(Takes sword.)
Prince of Marshes: (Catching his hand.) Go easy now, go easy.
Manus: Take off your hand! I say I will die with her!
Prince of Marshes: That will not raise her up again. But I, now, if I have no skill in killing beasts or men, have maybe the means of bringing her back to life.
Nurse: Oh, my blessing on you! What is it you have at all?
Prince of Marshes: (Taking bag from his Aunt.) These three leaves from the Tree of Power that grows by the Well of Healing. Here they are now for you, tied with a thread of the wool of the sheep of the Land of Promise. There is power in them to bring one person only back to life.
First Aunt: Give them back to me! You have your own life to think of as well as any other one!
Second Aunt: Do not spend and squander that cure on any person but yourself!
Prince of Marshes: (Giving the leaves.) And if I have given her my love that it is likely I will give to no other woman for ever, indeed and indeed, I would not ask her or wish her to wed with a very frightened man, and that is what I was a while ago. But you yourself have earned her, being brave.

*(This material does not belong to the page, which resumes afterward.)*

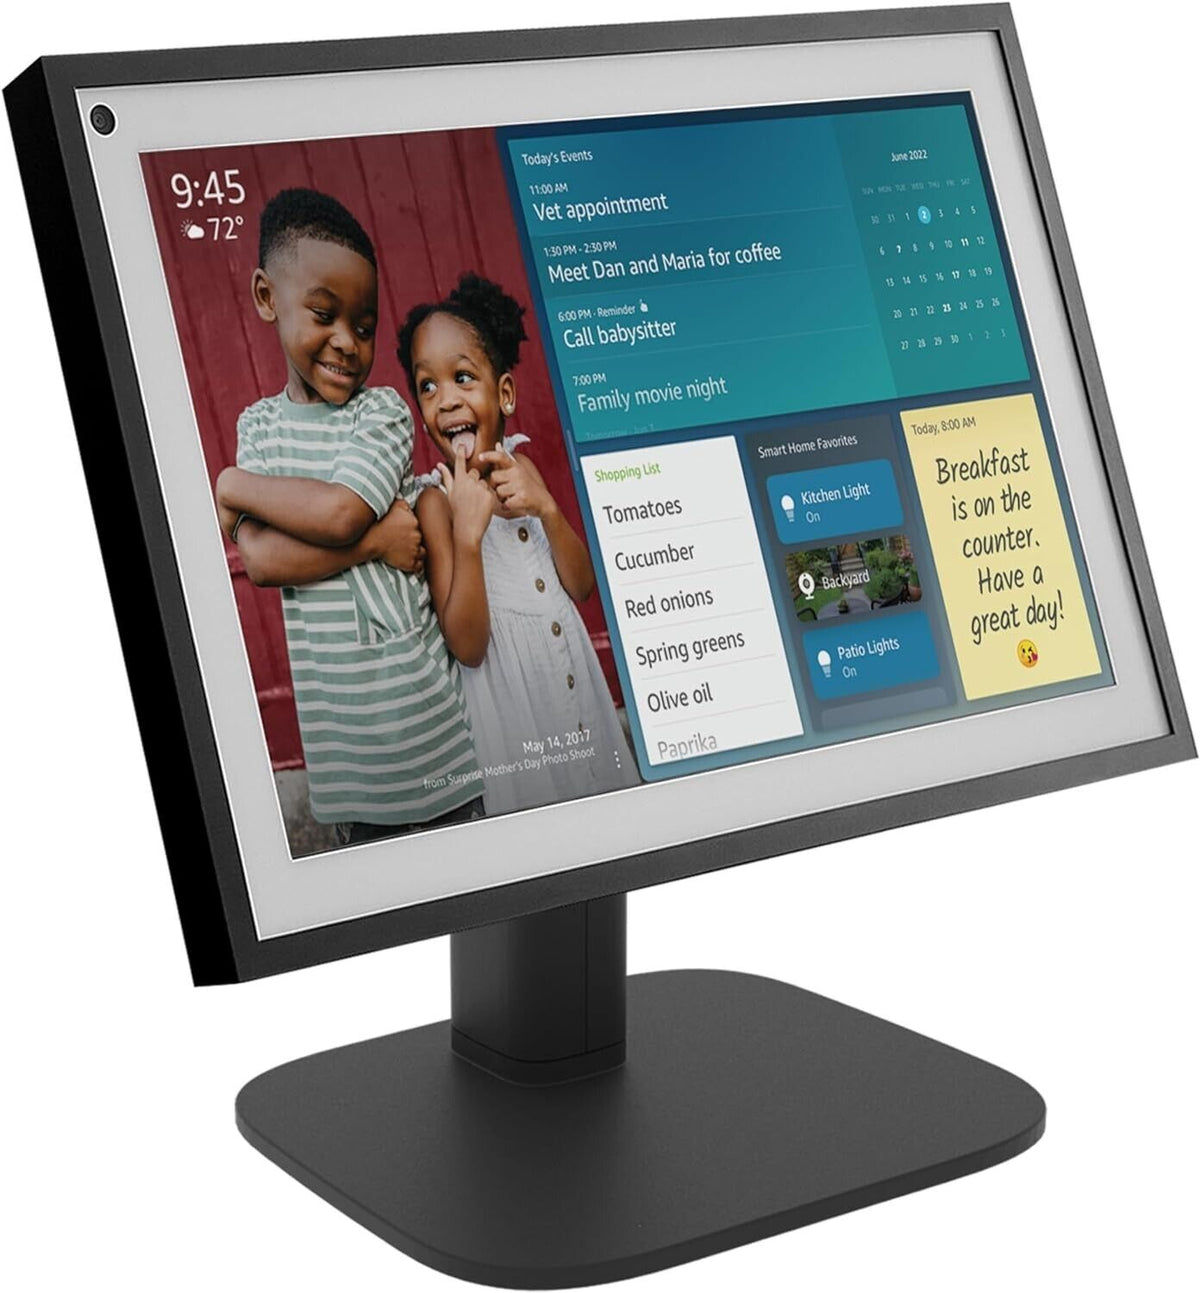 Made for Amazon Tilt Stand, for Echo Show 15

Manus: (Taking leaves.) I never will forget it to you. You will be a brave man yet.
Prince of Marshes: Give me in place of it your sword; for I am going my lone through the world for a twelvemonth and a day, till I will learn to fight with my own hand.
(Manus gives him sword. He throws off cloak and outer coat and fastens it on.)
Nurse: Stand back, now. Let the whole of ye stand back. (She lays a leaf on the Princess’s mouth and one on each of her hands.) I call on you by the power of the Seven Belts of the Heavens, of the Twelve Winds of the World, of the Three Waters of the Sea!
(Princess stirs slightly.)
King: That is a wonder of wonders! She is stirring!
Manus: Oh, my share of the world! Are you come back to me?
Princess: It was a hard fight he wrestled with. ...I thought I heard his voice.... Is he come from danger?
Nurse: He did. Here he is. He that saved you and that killed the Dragon, and that let on to be a serving boy, and he no less than one of the world’s kings!
Manus: Here I am, my dear, beside you, to be your comrade and your company for ever.
Princess: You!...Yes, it is yourself. Forgive me. I am sorry that I spoke unkindly to you a while ago; I am ashamed that it failed me to know you to be a king.
(She stands up, helped by Nurse.)
Manus: It was my own fault and my folly. What way could you know it? There is nothing to forgive.
Princess: But ...if I did not recognise you as a king ...anyway ...the time you dropped the eggs ...I was nearly certain that you were no cook!